━━━━━ DATASET SECTION ━━━━━

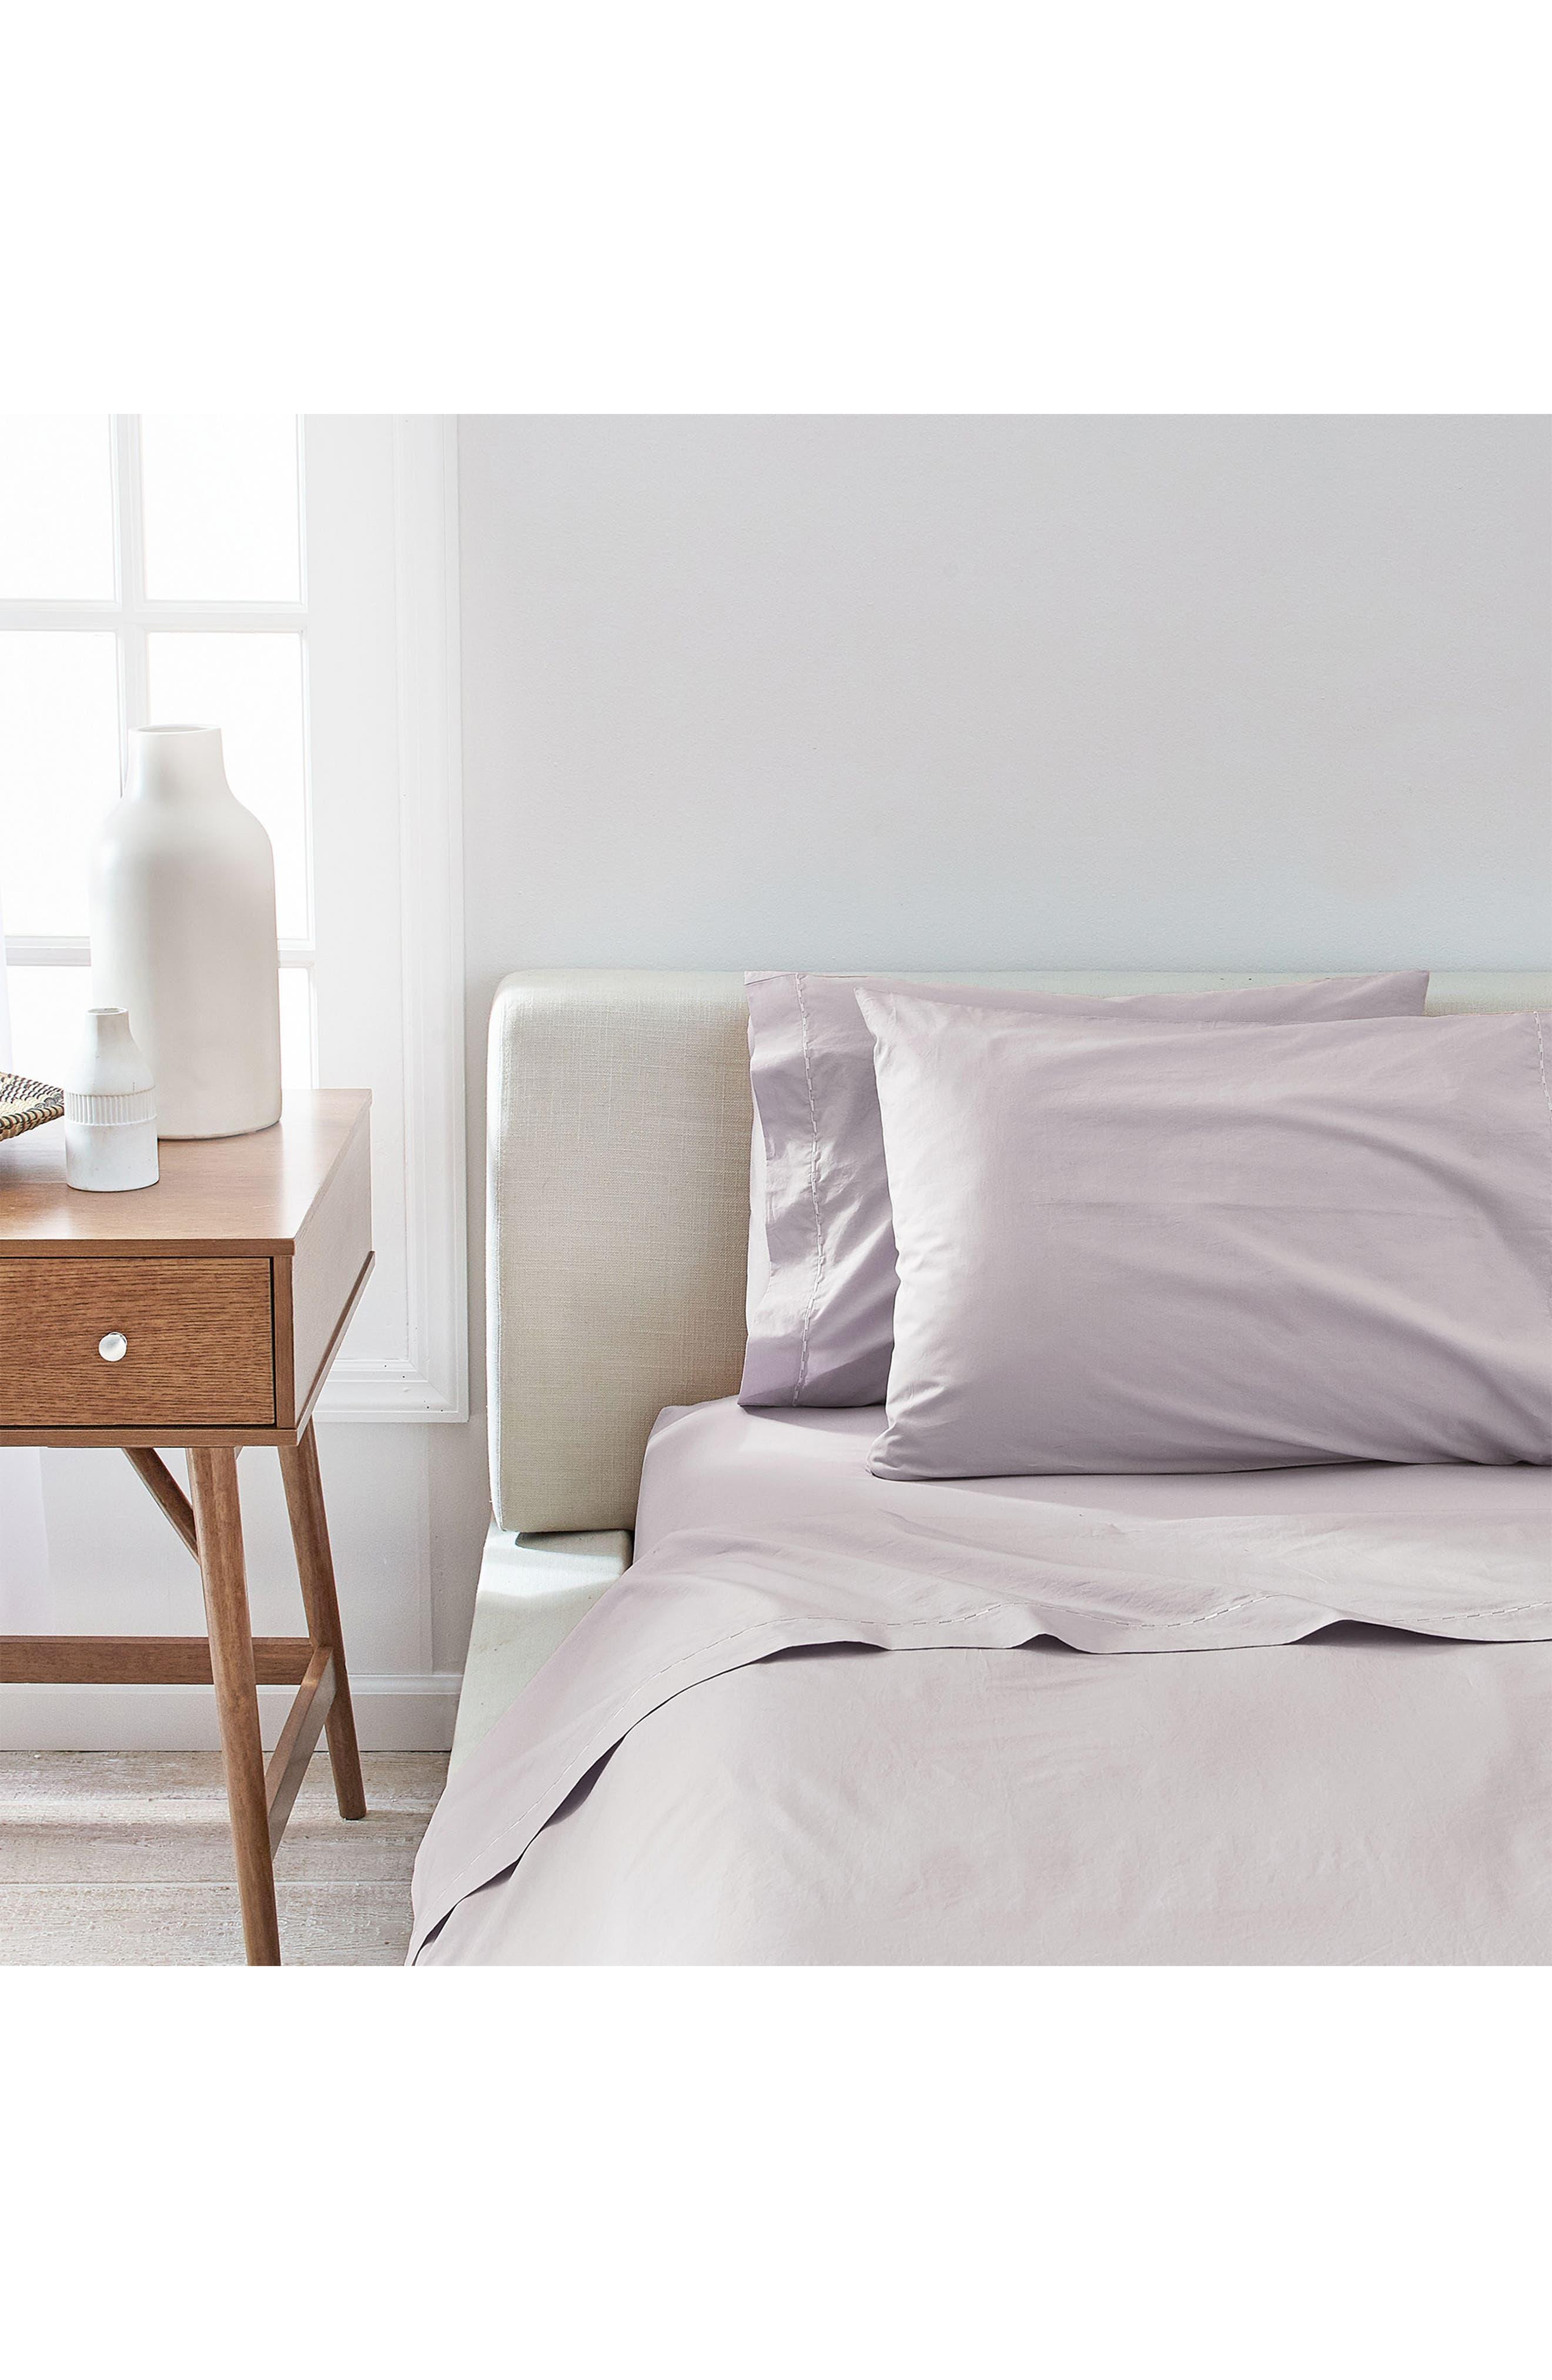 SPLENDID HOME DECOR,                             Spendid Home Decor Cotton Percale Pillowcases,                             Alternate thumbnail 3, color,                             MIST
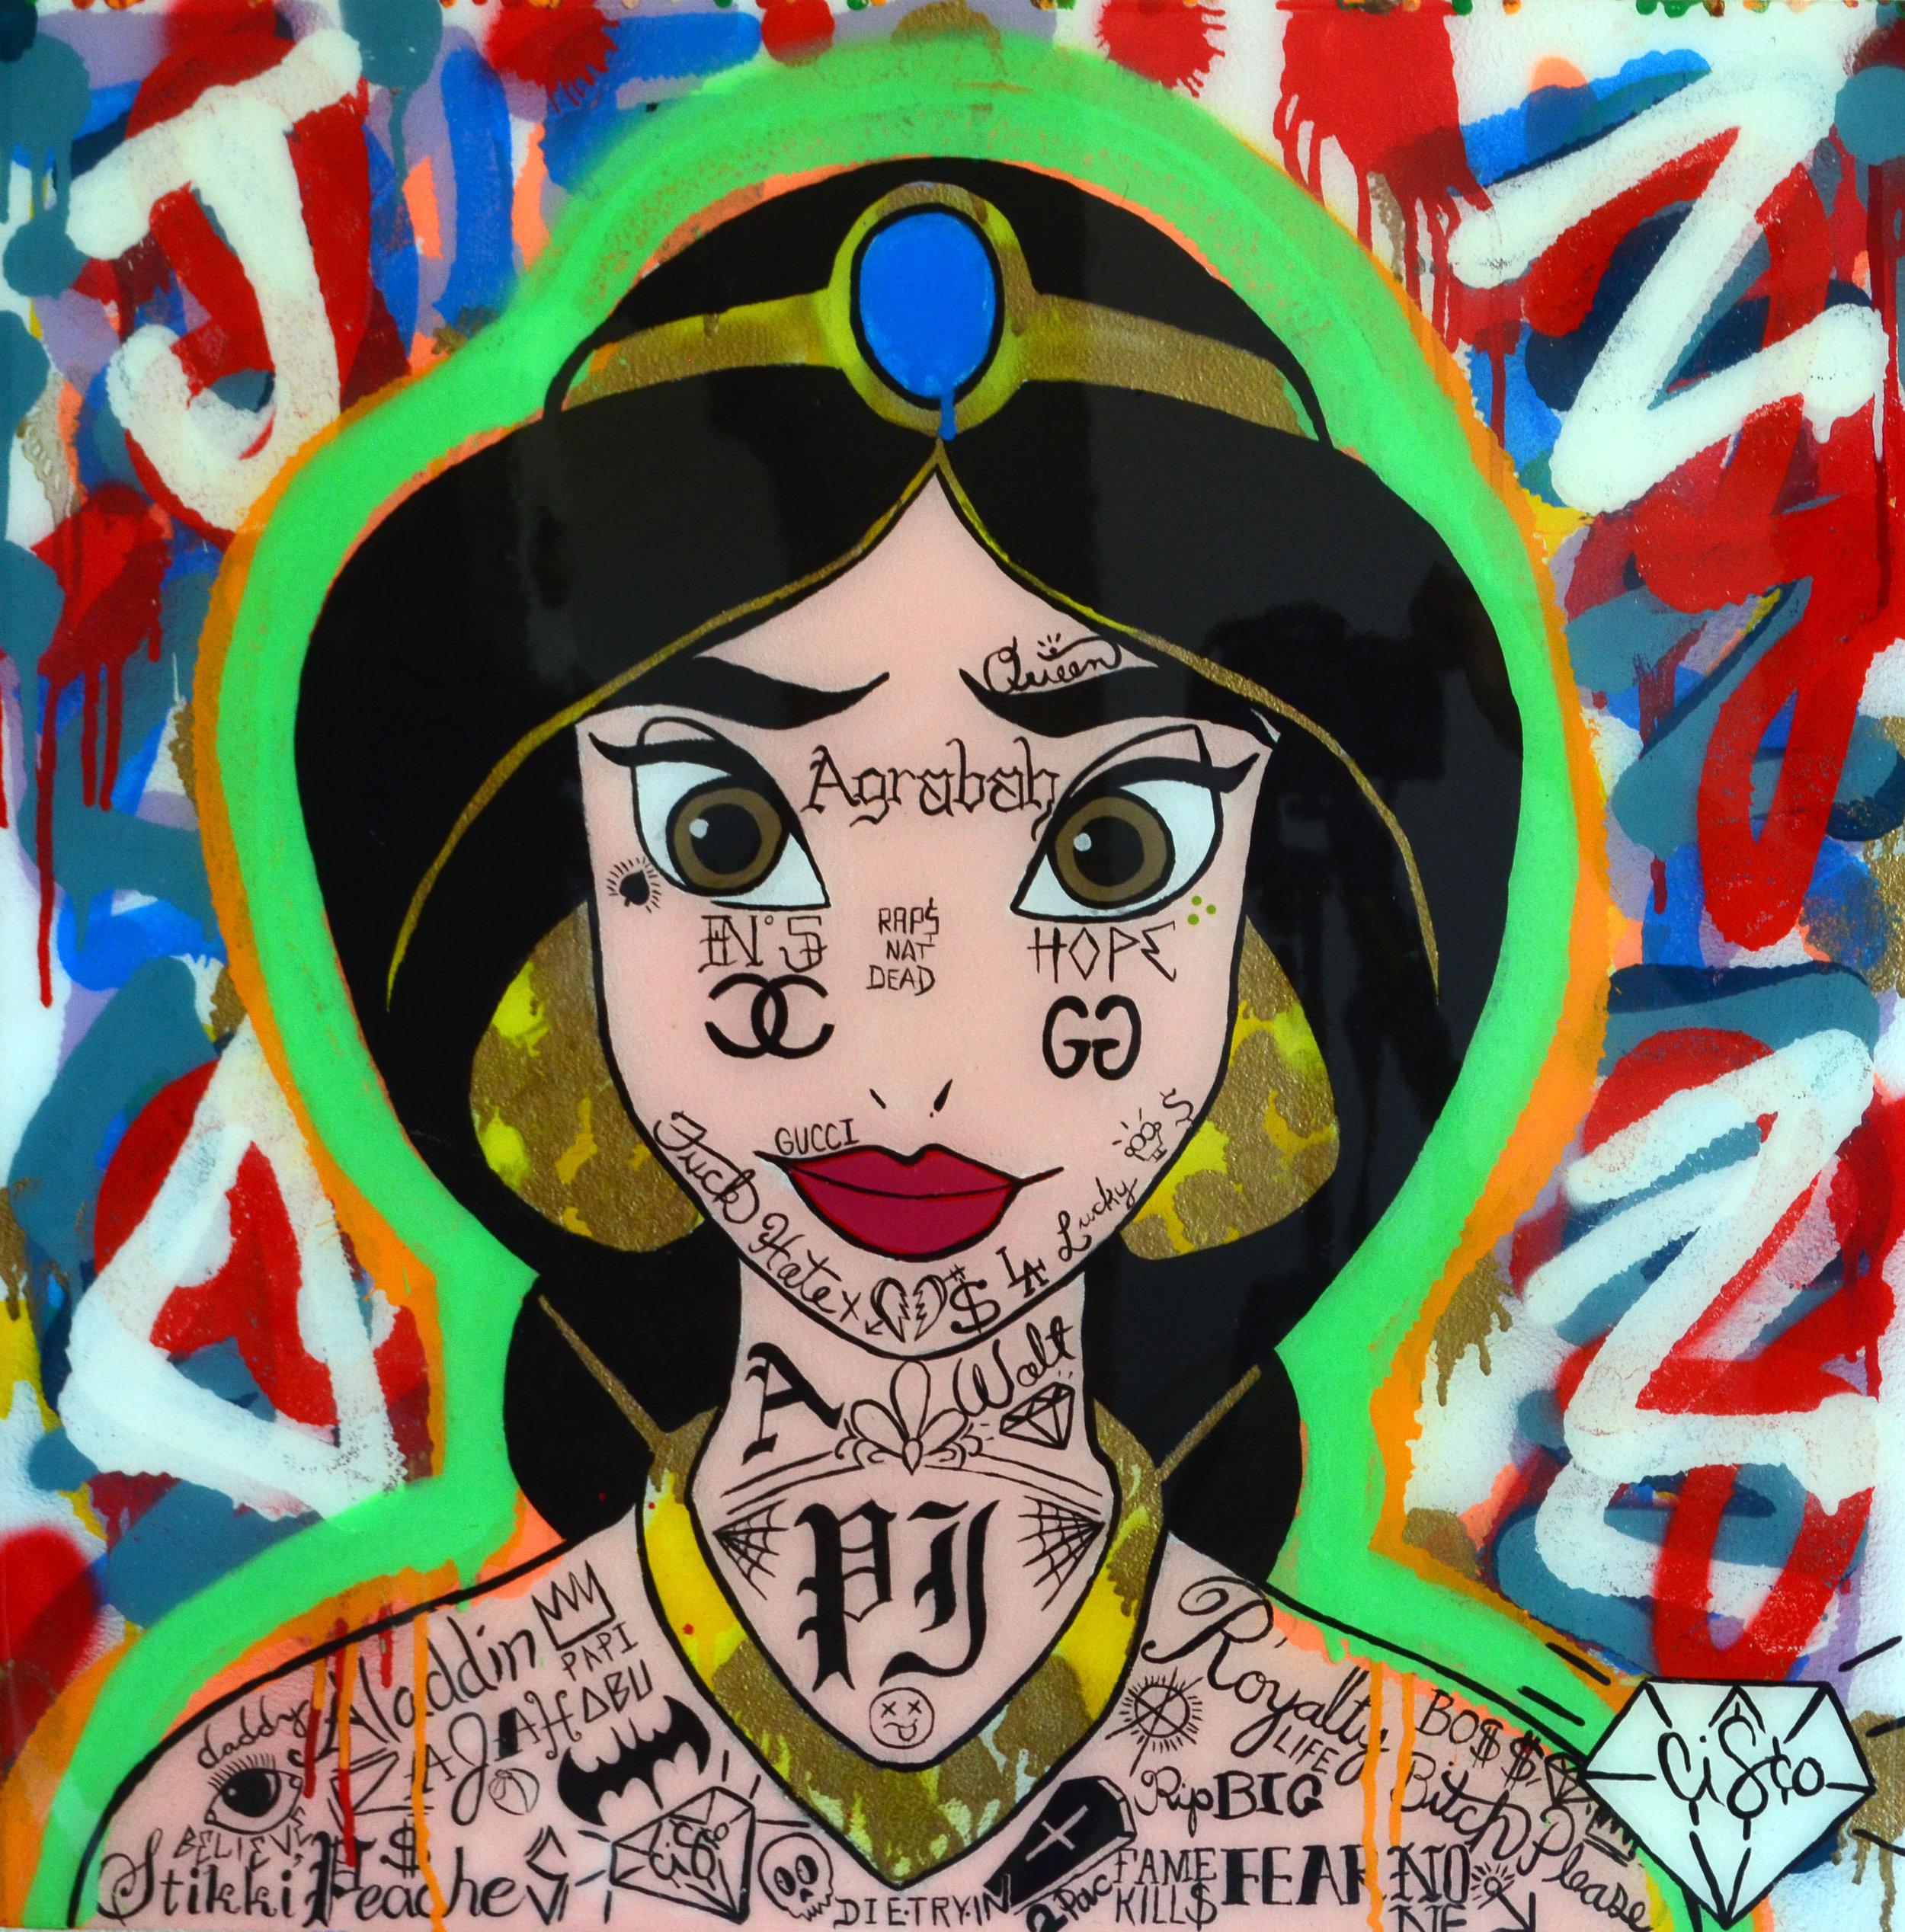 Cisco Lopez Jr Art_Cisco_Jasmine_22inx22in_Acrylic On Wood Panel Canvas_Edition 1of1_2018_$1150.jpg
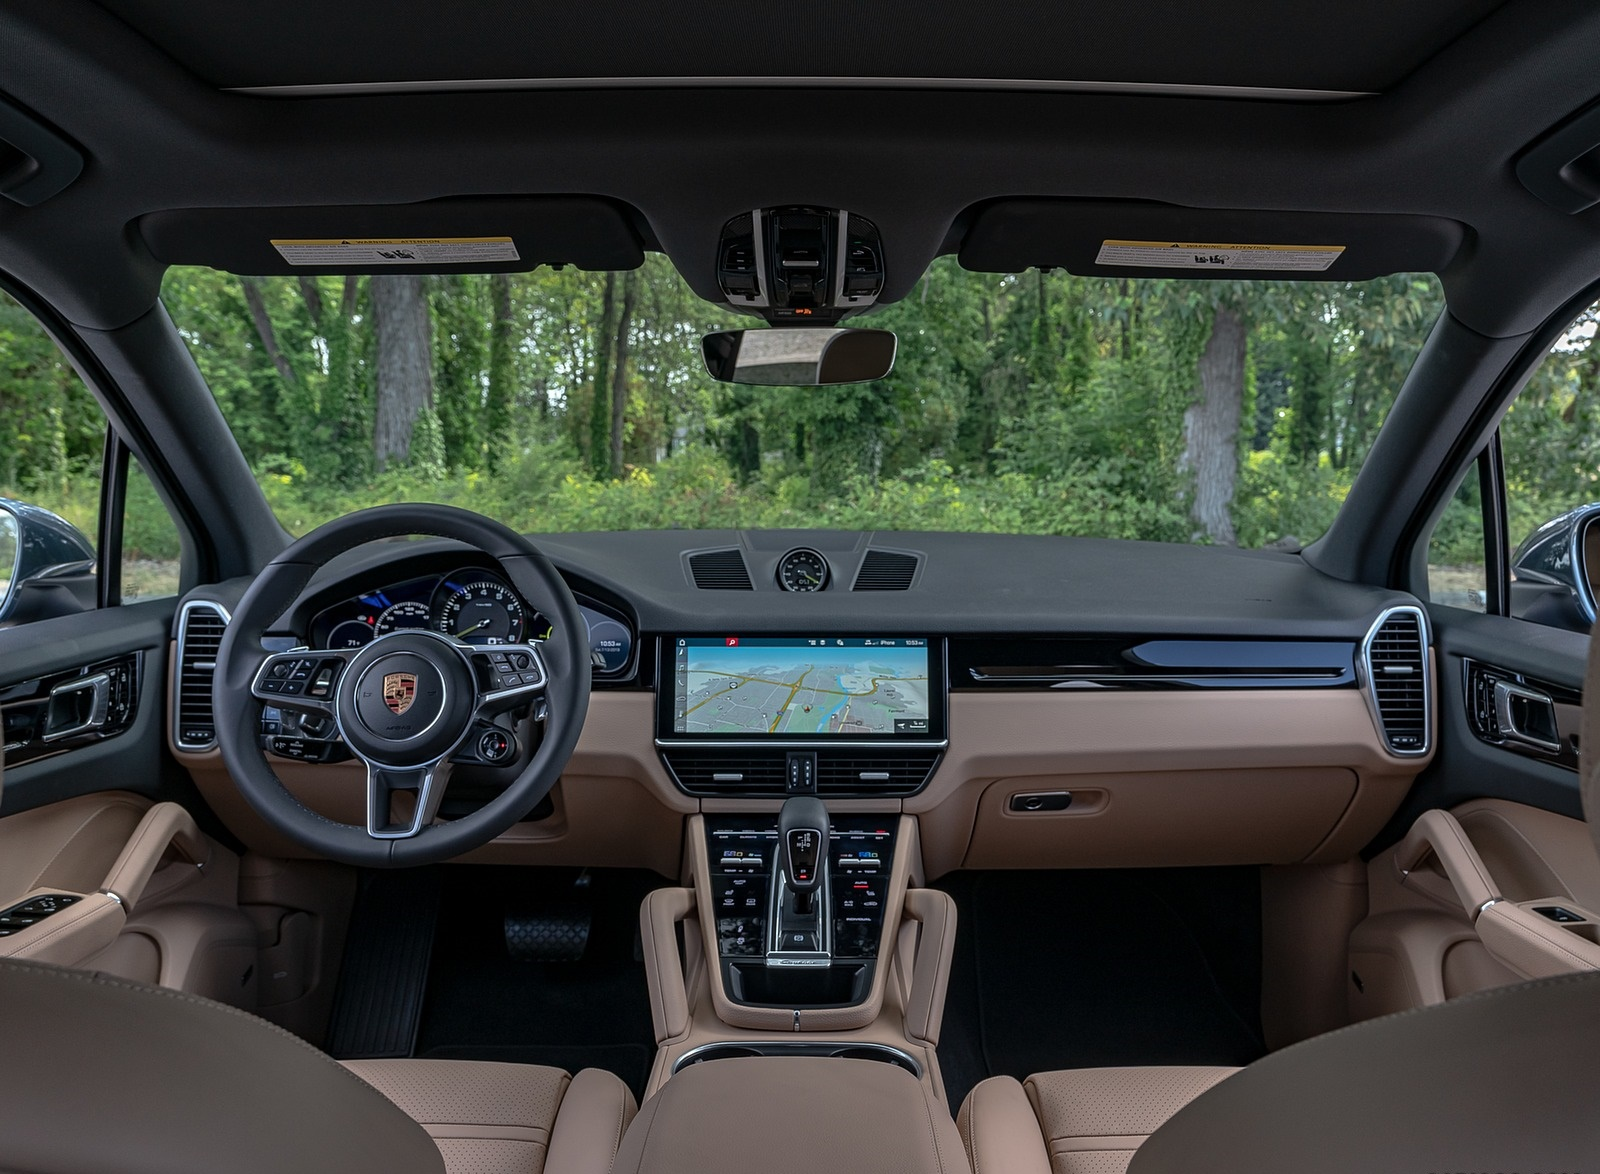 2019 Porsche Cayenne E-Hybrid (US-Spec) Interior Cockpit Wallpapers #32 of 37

━━━━━

■ DIRECTIONS FOR THIS TASK
Leave the pictures out and set down the rest of the listing above exactly.

■ OUTPUT OF THE TASK
 SPLENDID HOME DECOR,                             Spendid Home Decor Cotton Percale Pillowcases,                             Alternate thumbnail 3, color,                             MIST
 Cisco Lopez Jr Art_Cisco_Jasmine_22inx22in_Acrylic On Wood Panel Canvas_Edition 1of1_2018_$1150.jpg
 2019 Porsche Cayenne E-Hybrid (US-Spec) Interior Cockpit Wallpapers #32 of 37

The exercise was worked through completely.